:: Problem requirements ::
Print the records below exactly, from the line containing "Patterned cat #4" down to the line containing "THIS INTERVIEW HAS", both lines included, and omit every picture.

:: Source records ::
--- START ---

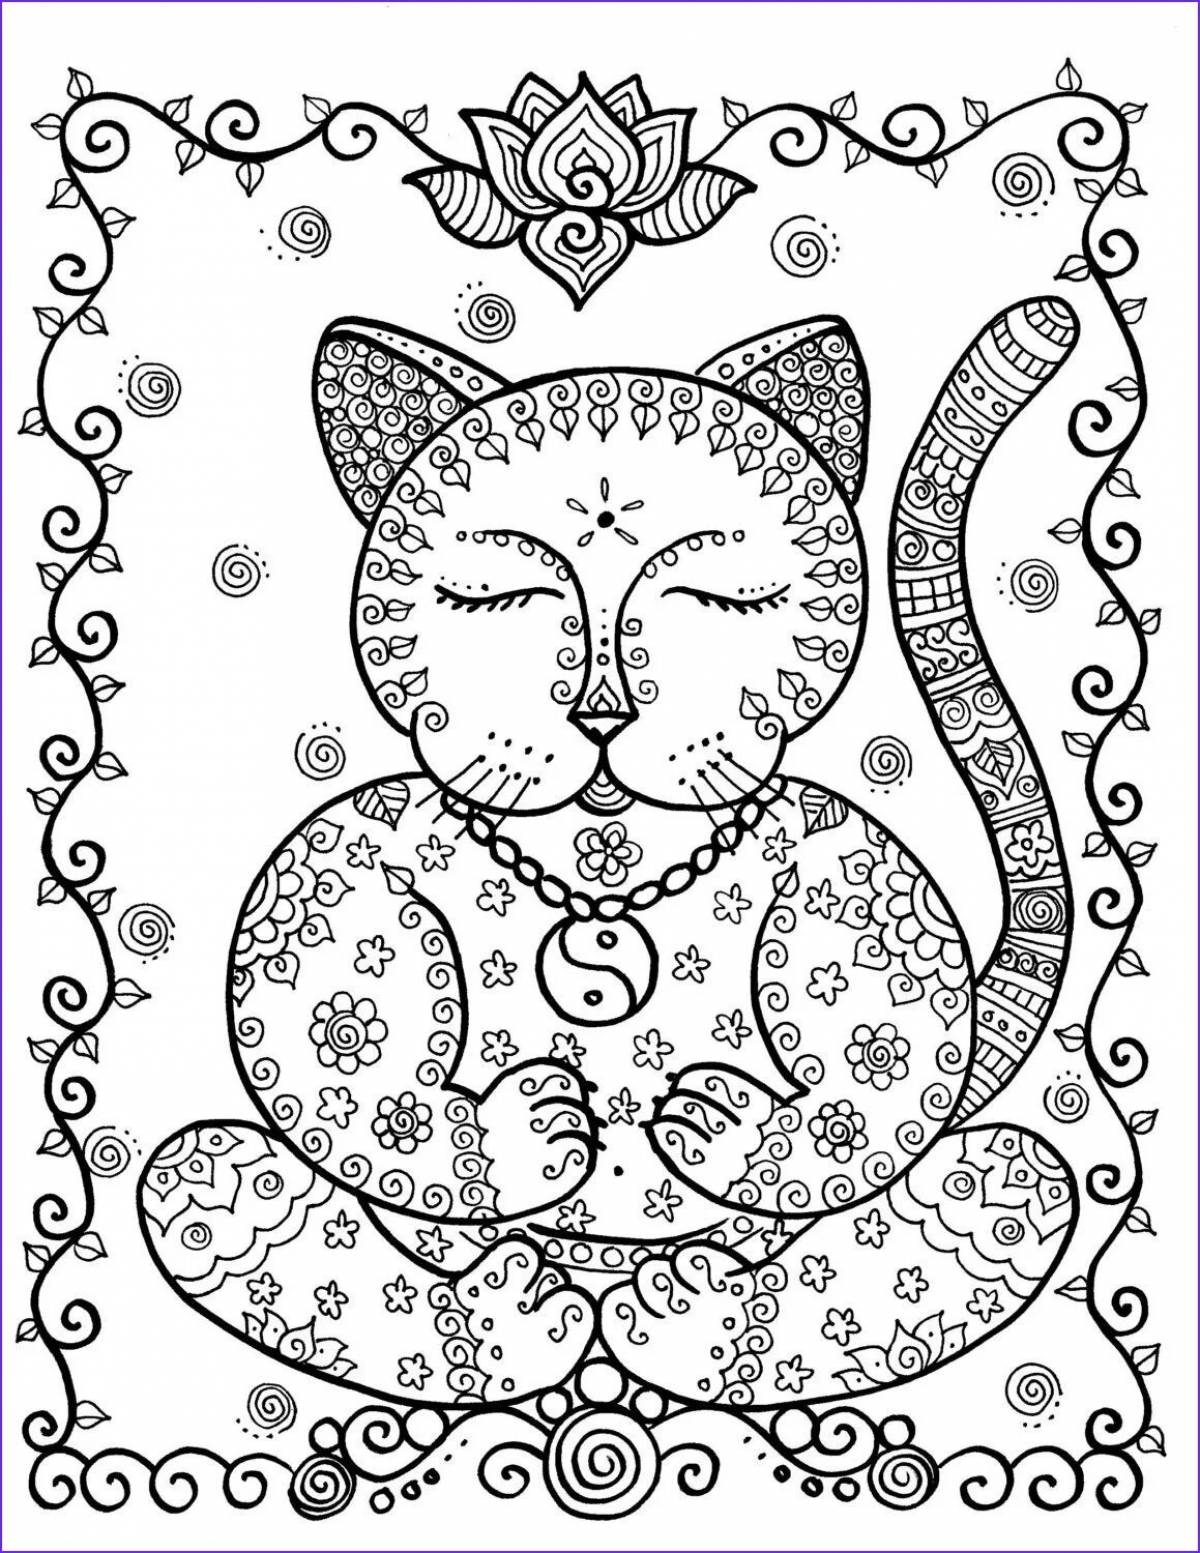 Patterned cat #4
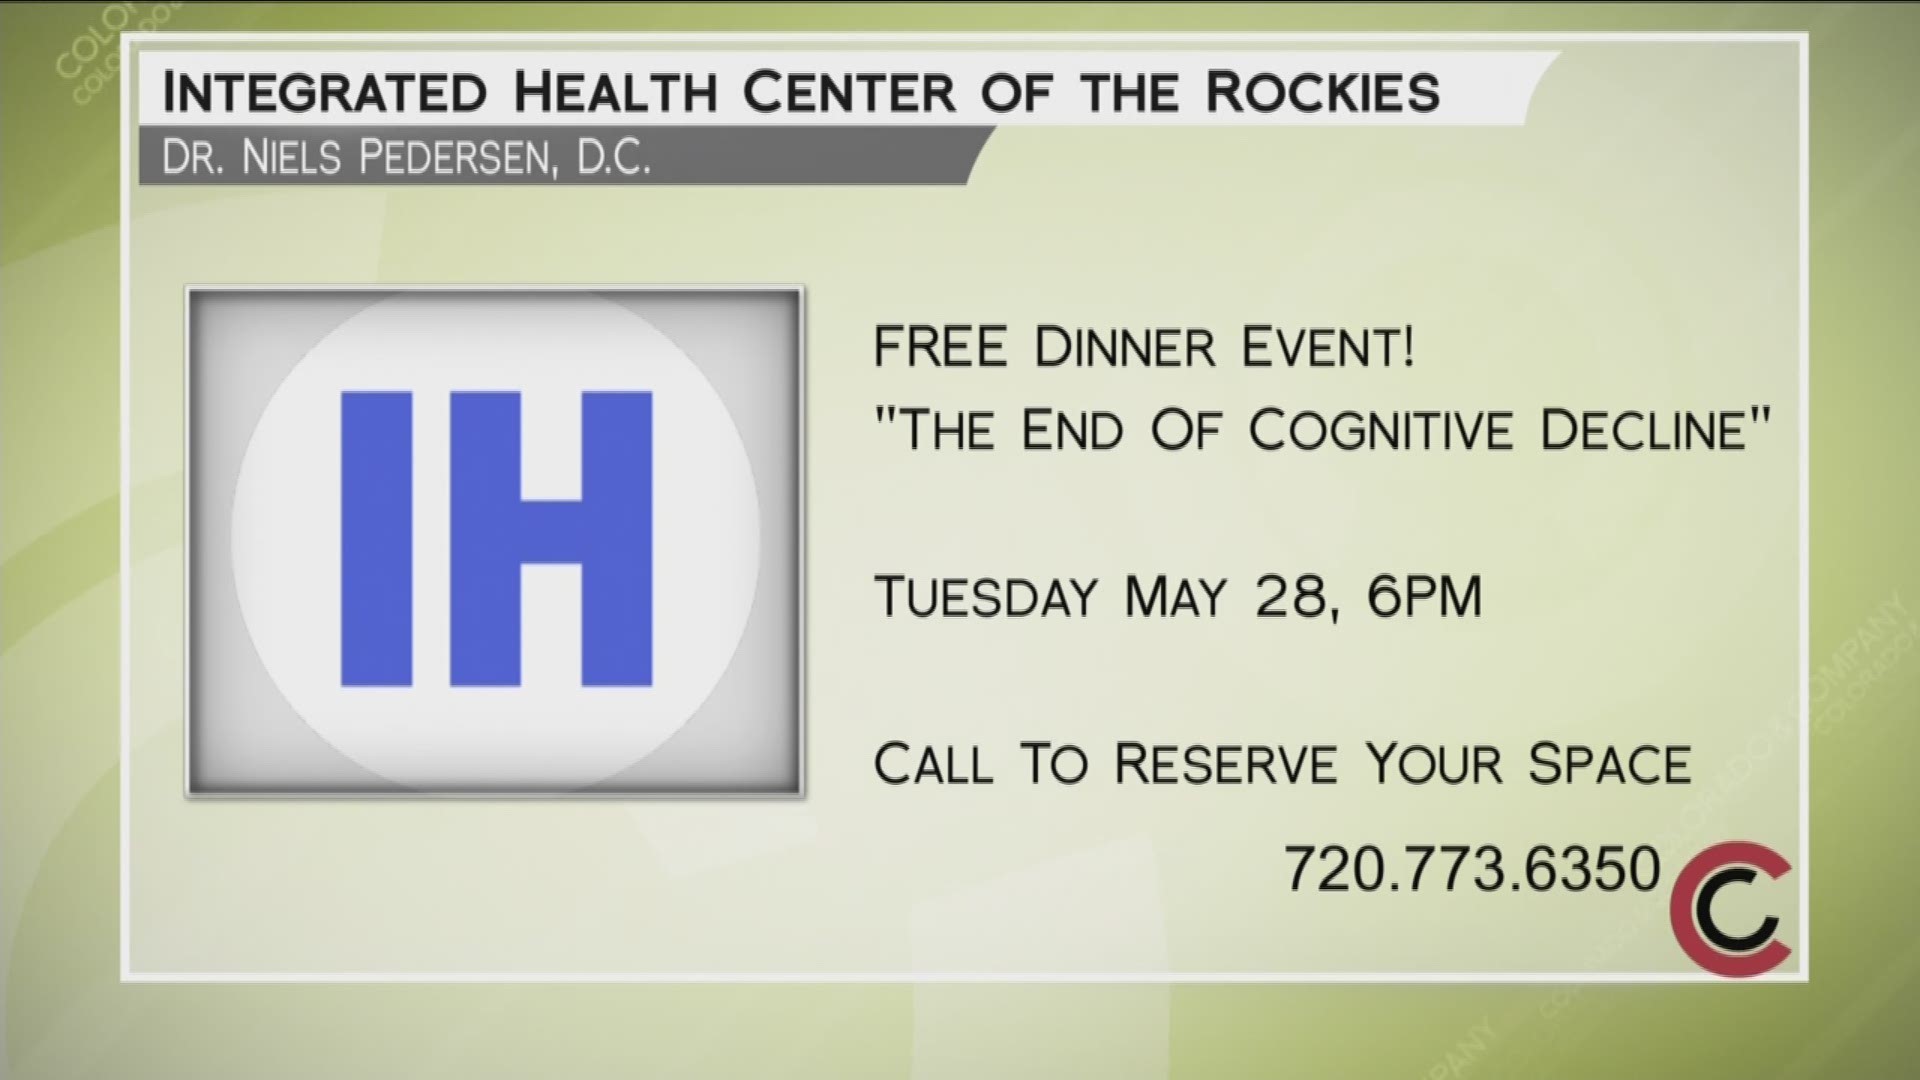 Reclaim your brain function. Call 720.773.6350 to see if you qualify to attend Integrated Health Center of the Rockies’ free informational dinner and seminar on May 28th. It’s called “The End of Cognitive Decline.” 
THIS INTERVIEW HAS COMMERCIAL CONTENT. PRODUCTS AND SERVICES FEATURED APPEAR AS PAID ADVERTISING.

--- END ---
--- START ---

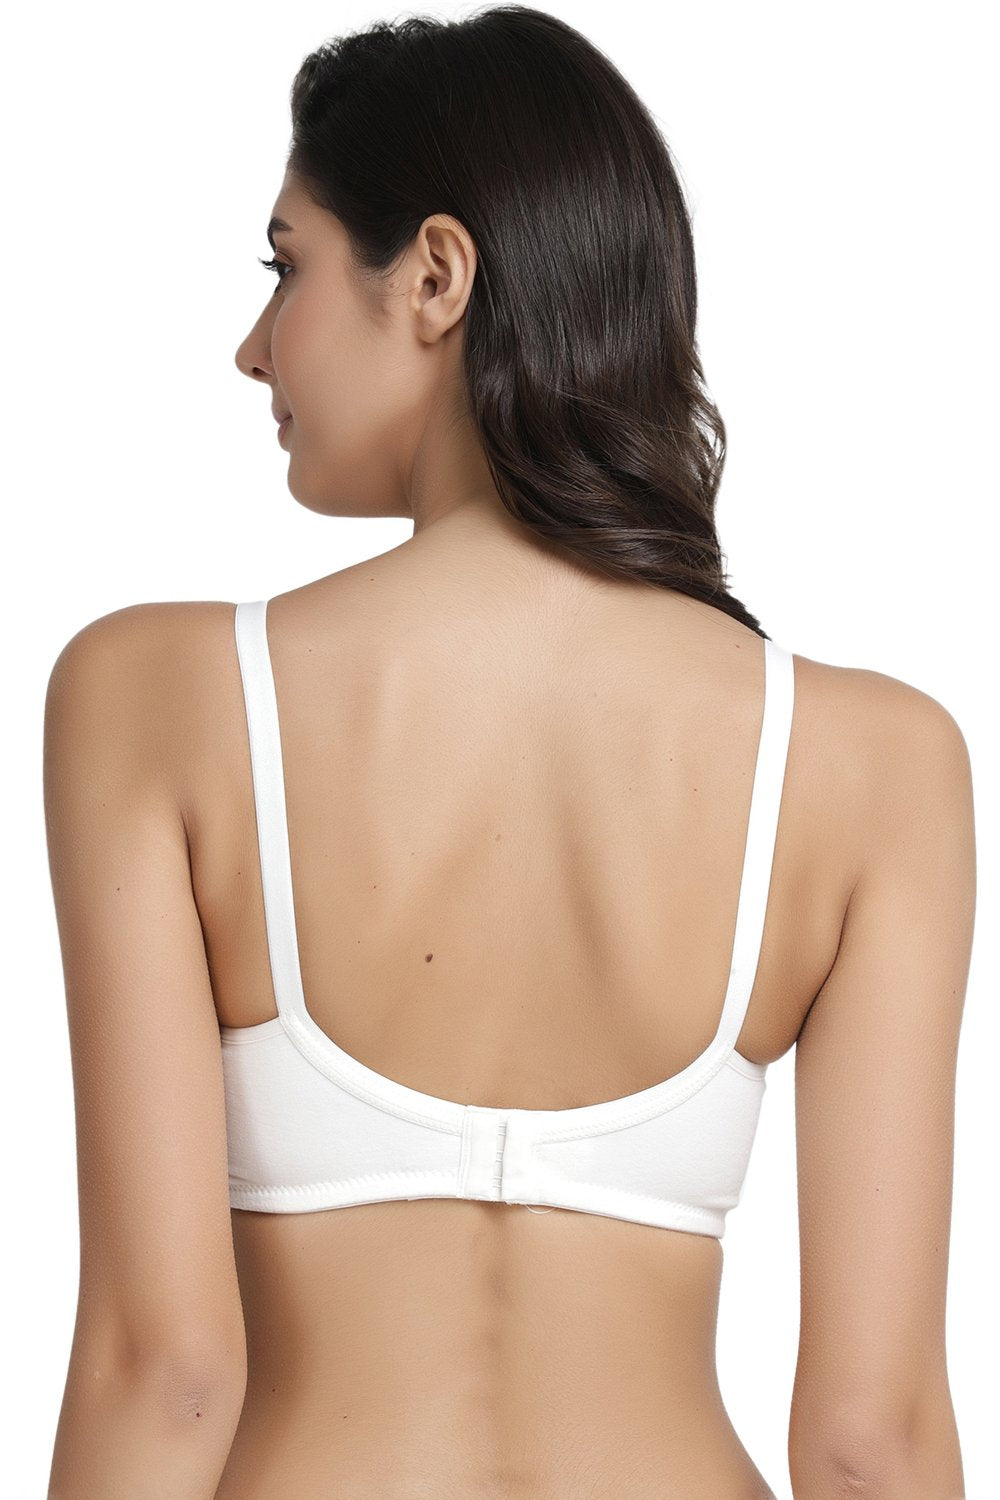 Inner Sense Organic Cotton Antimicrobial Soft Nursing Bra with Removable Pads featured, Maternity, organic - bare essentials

--- END ---

:: Output of the exercise ::
 Patterned cat #4
 Reclaim your brain function. Call 720.773.6350 to see if you qualify to attend Integrated Health Center of the Rockies’ free informational dinner and seminar on May 28th. It’s called “The End of Cognitive Decline.” 
THIS INTERVIEW HAS COMMERCIAL CONTENT. PRODUCTS AND SERVICES FEATURED APPEAR AS PAID ADVERTISING.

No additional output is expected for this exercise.